Senator Patty Murray, a Democrat from Washington and the vice chair of the Senate Appropriations Committee, hosted a virtual press conference on Wednesday with former federal workers from her state who were recently terminated. One, Raphael Garcia, is a disabled Army veteran who had been working as a management analyst for the VA.
“I coordinated IT system access so that every team member had the proper tools,” Garcia said during the event. “I managed critical compliance and operational controls while maintaining constant communication with stakeholders nationwide.” He added that while his termination is a personal hardship, it is also a “stark reminder that our federal government is dismantling its central support system for veterans and vulnerable communities.”

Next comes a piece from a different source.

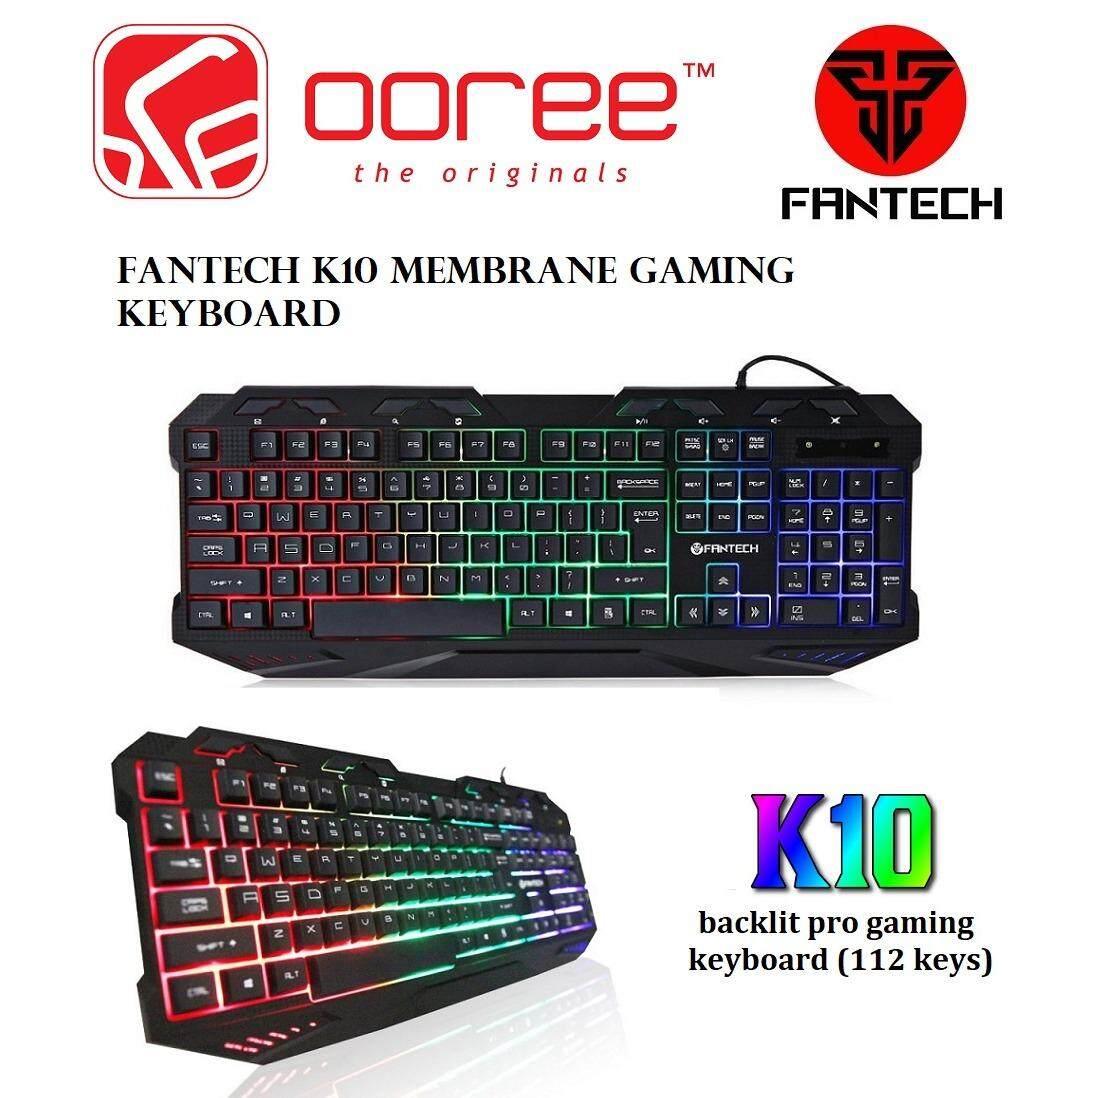 Cek Harga Fantech Hellscream Gs201 Mobile Gaming And Music Speakers Speaker Gs 201 Genuine K10 Backlit Pro Membrane Keyboard 120 Keys

For his part, Kamens, who spent his career prior to USDS in the private sector, says that he came to love government work, and it will be difficult to find another job as rewarding.
“There were these interviews we all had to do with the DOGE people the day after the inauguration,” he says. “In mine, one of them asked me to describe what I was doing at VA and then said something like, ‘If you’re doing all that work, why aren’t you working in the private sector where you could be making twice as much money?’ And I said, ‘Because I don’t care about the money. I care about serving veterans.’
“I think the fact that someone asked me that question at all is really telling.”